PROBLEM TO WORK ON >>
Print the records below exactly. Omit every picture.
────────────────────
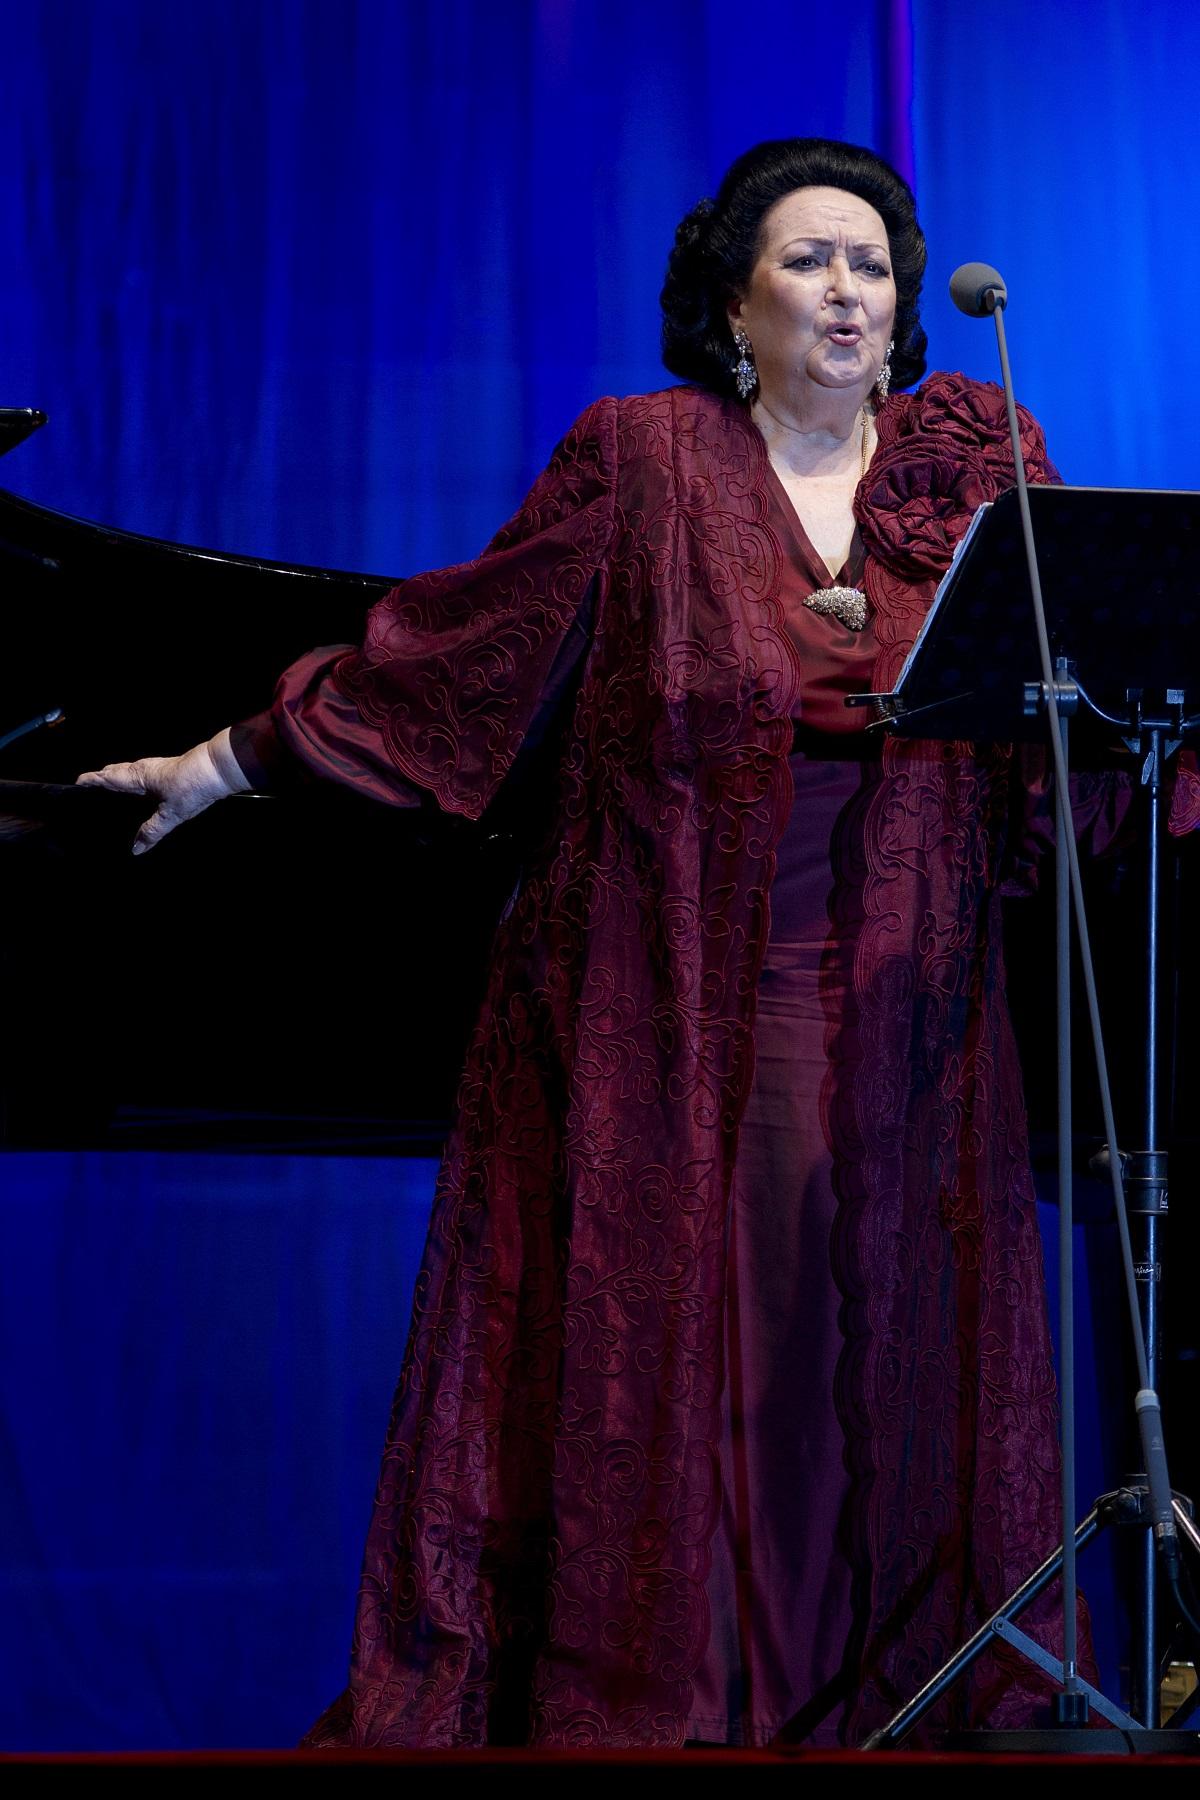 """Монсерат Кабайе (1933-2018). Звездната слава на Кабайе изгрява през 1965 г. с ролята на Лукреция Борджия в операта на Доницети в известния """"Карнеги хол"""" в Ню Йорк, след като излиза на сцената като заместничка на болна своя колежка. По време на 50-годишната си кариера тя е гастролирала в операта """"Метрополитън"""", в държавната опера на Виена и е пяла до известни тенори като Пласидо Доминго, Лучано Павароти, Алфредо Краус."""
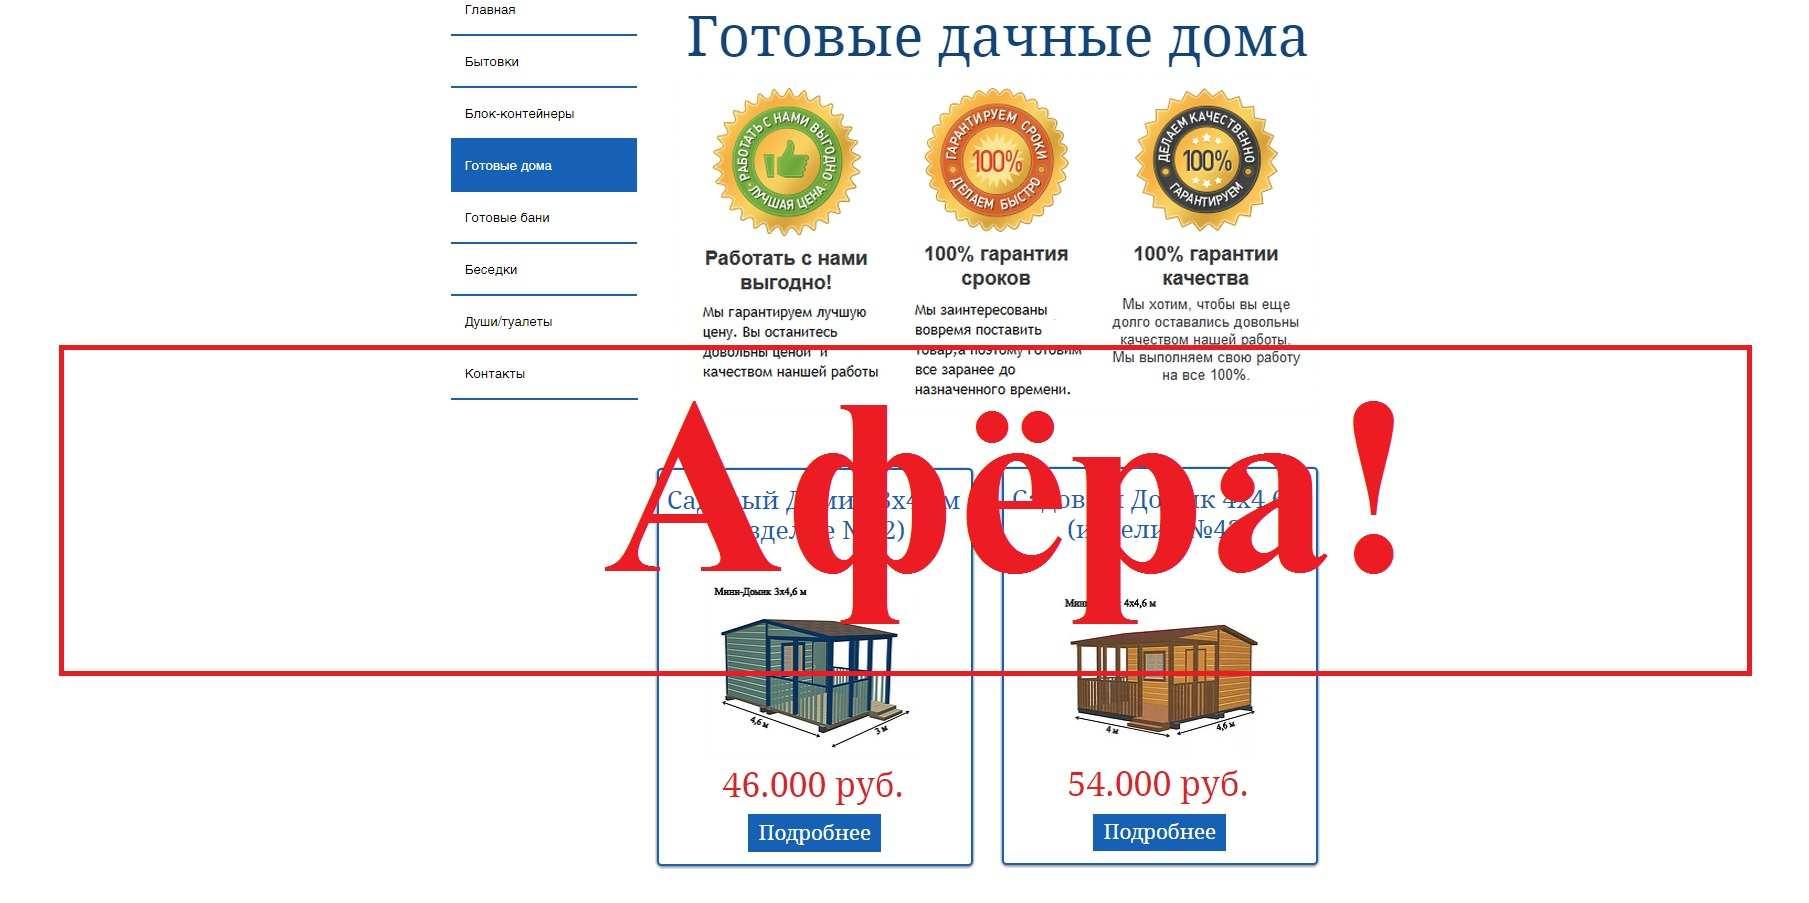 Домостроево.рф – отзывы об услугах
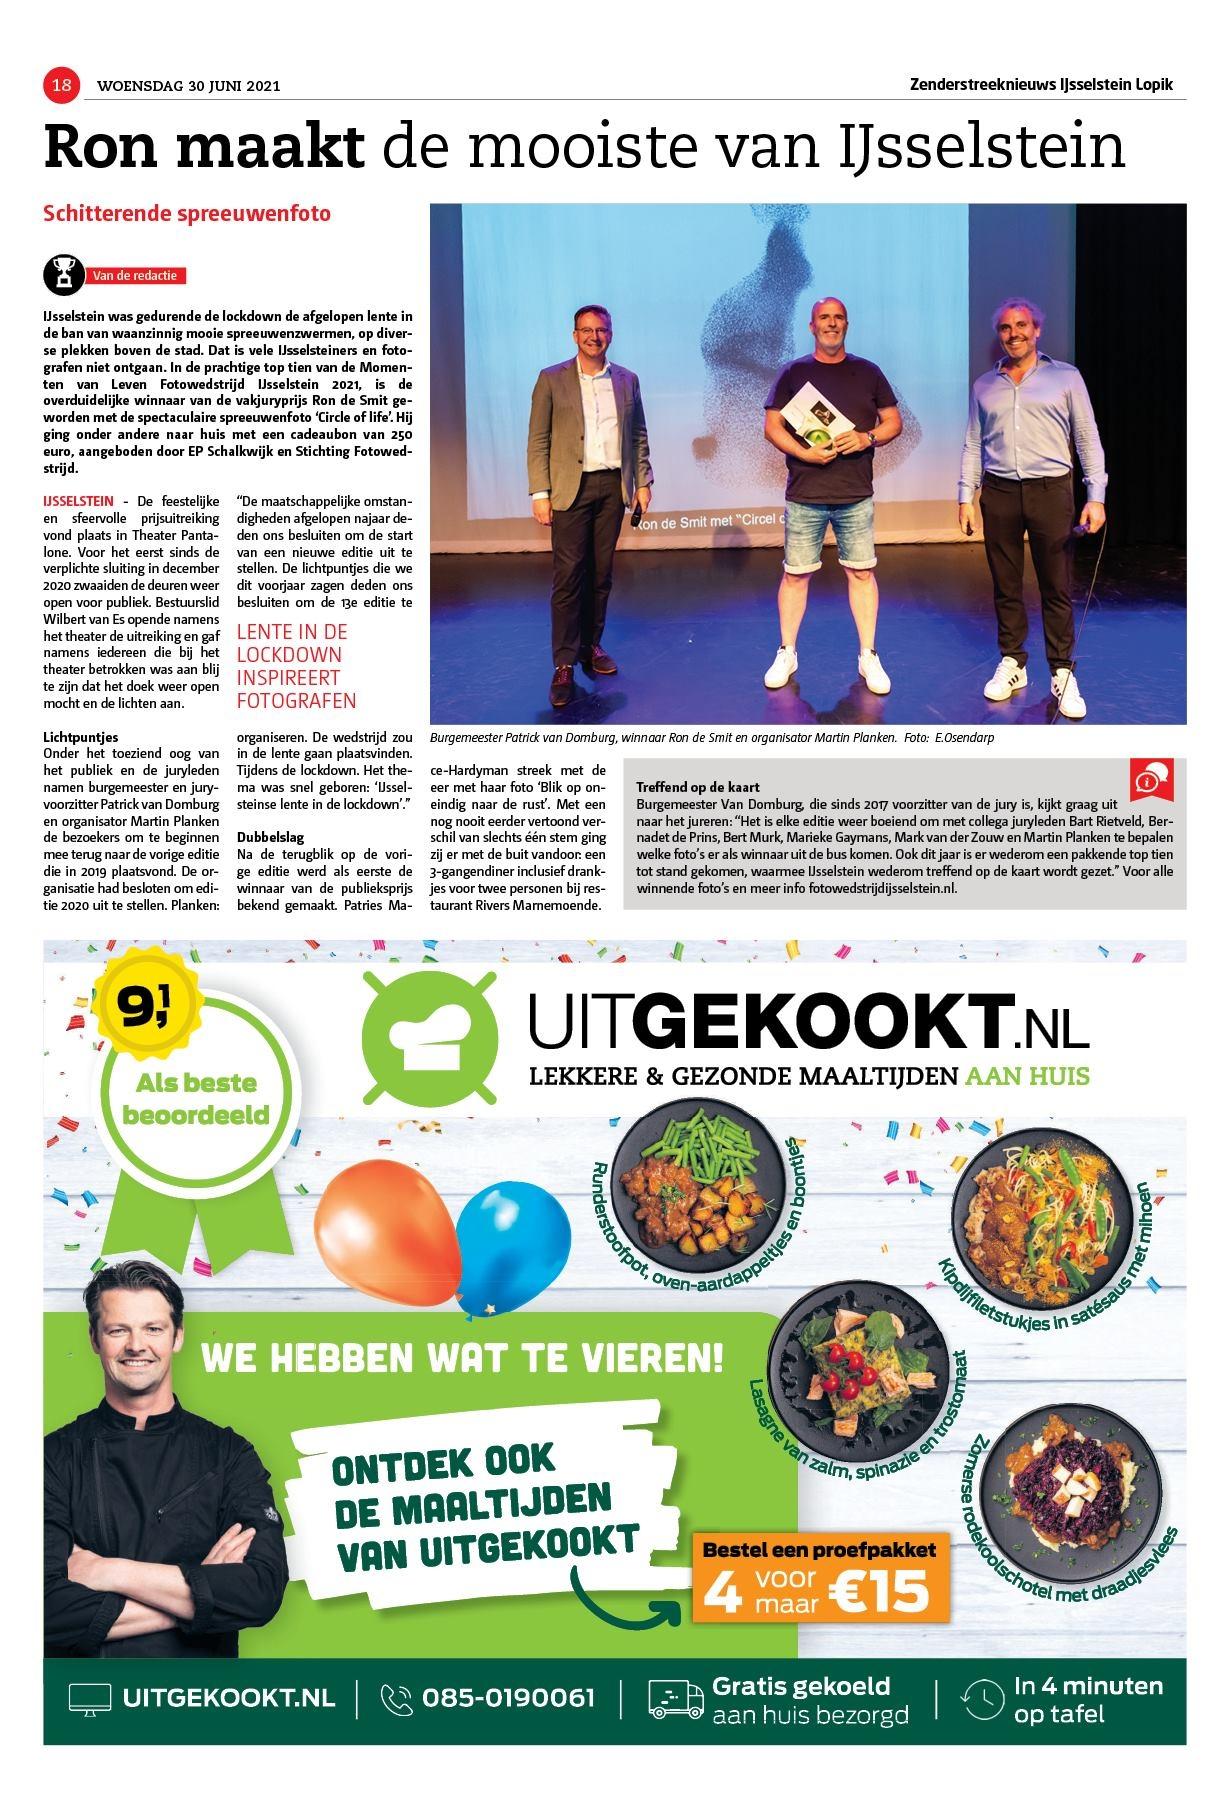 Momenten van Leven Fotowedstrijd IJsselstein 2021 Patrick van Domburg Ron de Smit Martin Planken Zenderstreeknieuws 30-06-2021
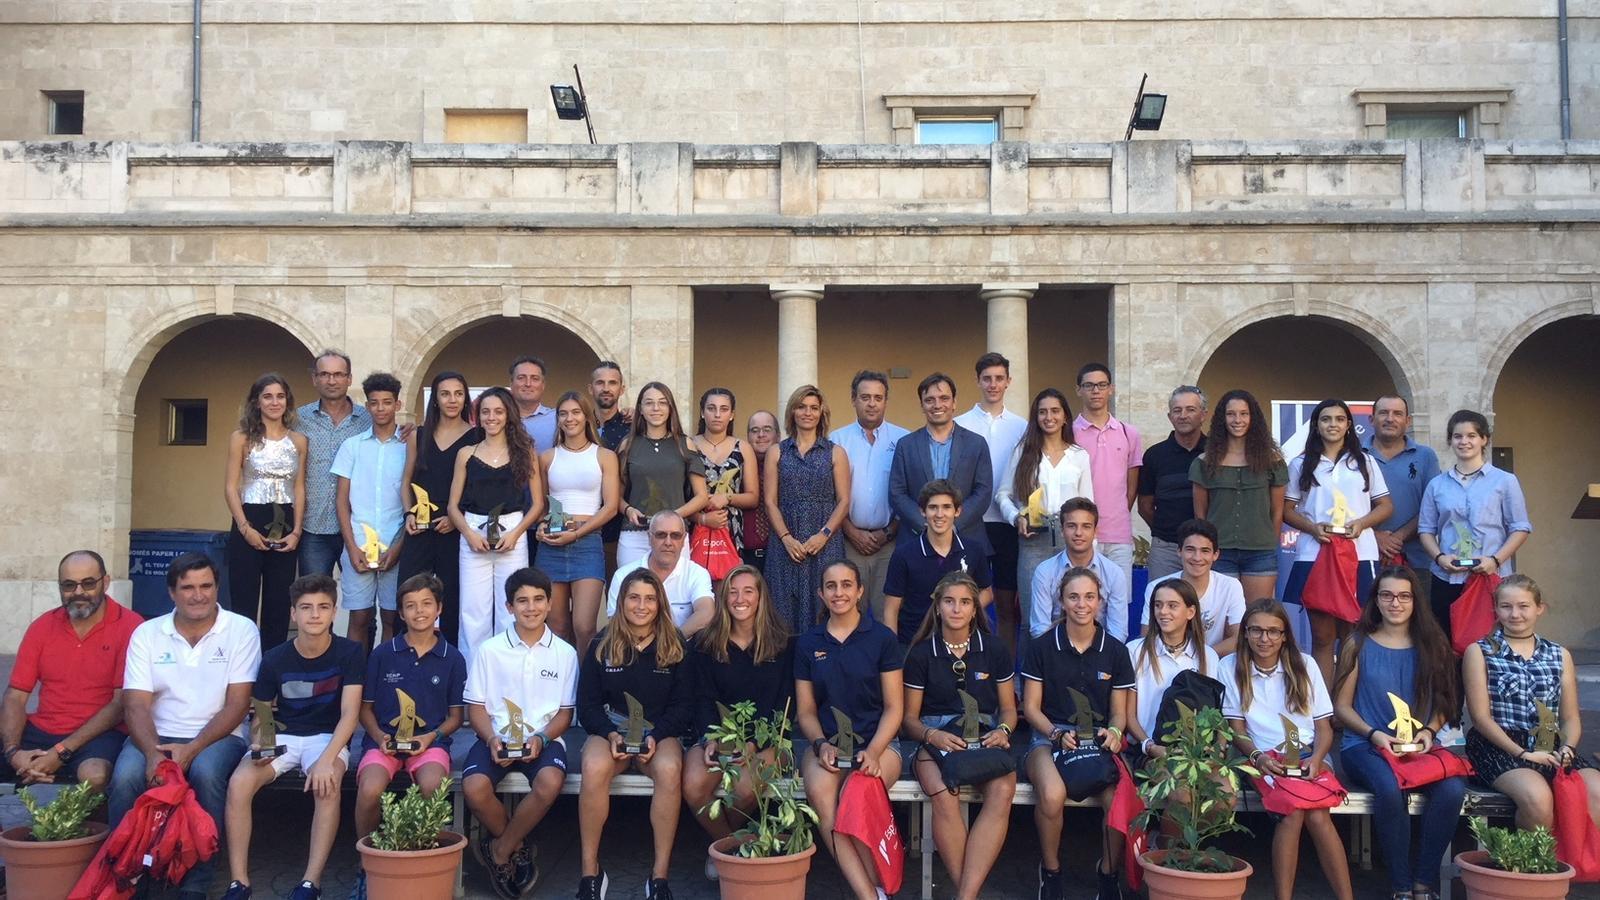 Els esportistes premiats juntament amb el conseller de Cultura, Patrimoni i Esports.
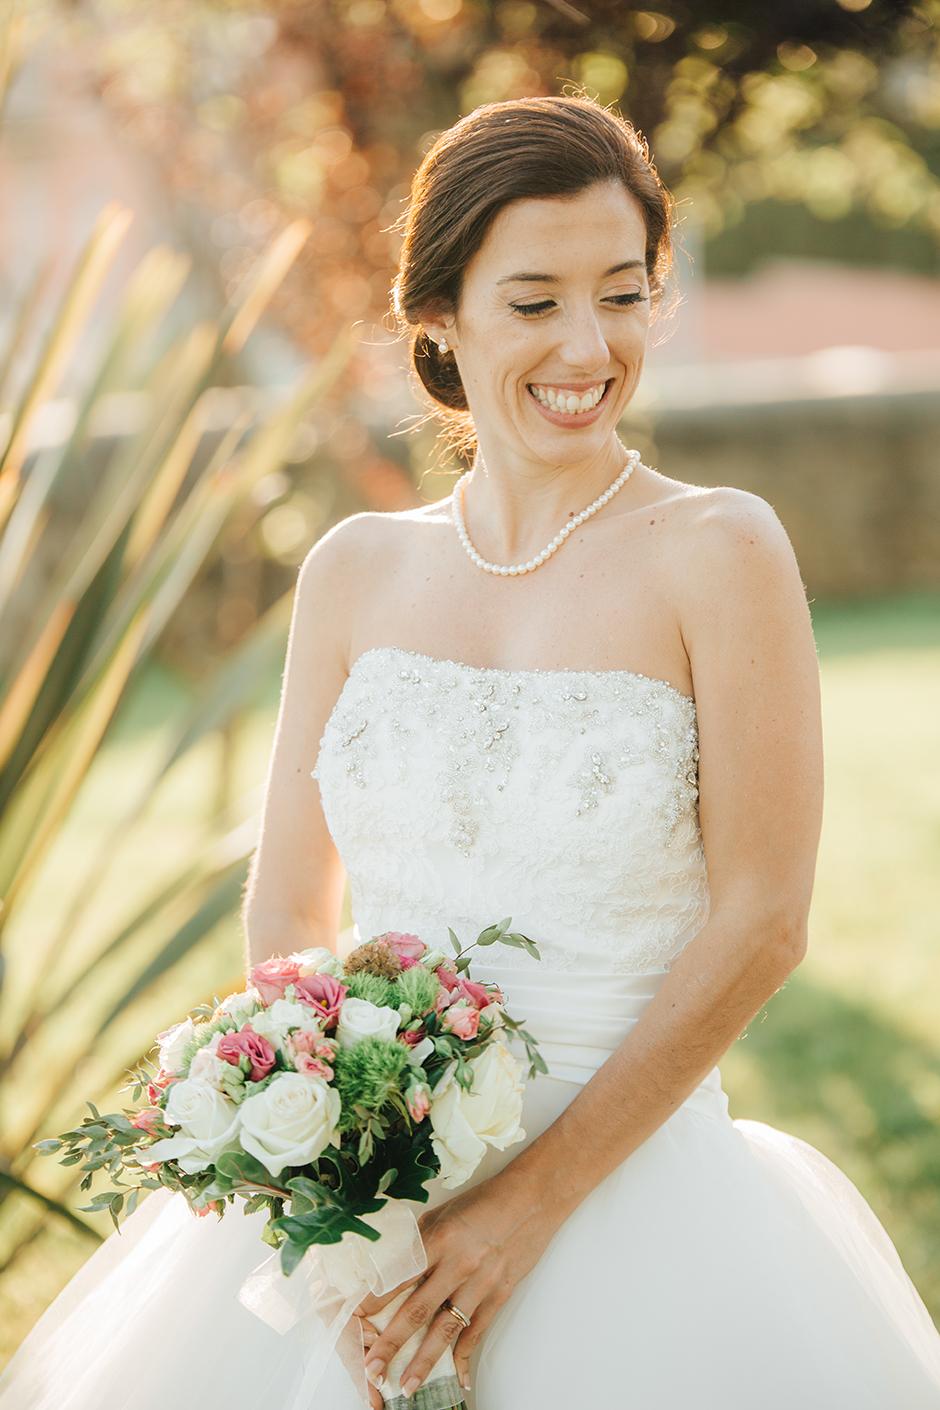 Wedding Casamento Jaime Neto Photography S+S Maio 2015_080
────────────────────
RESPONSE >>
 """Монсерат Кабайе (1933-2018). Звездната слава на Кабайе изгрява през 1965 г. с ролята на Лукреция Борджия в операта на Доницети в известния """"Карнеги хол"""" в Ню Йорк, след като излиза на сцената като заместничка на болна своя колежка. По време на 50-годишната си кариера тя е гастролирала в операта """"Метрополитън"""", в държавната опера на Виена и е пяла до известни тенори като Пласидо Доминго, Лучано Павароти, Алфредо Краус."""
 Домостроево.рф – отзывы об услугах
 Momenten van Leven Fotowedstrijd IJsselstein 2021 Patrick van Domburg Ron de Smit Martin Planken Zenderstreeknieuws 30-06-2021
 Els esportistes premiats juntament amb el conseller de Cultura, Patrimoni i Esports.
 Wedding Casamento Jaime Neto Photography S+S Maio 2015_080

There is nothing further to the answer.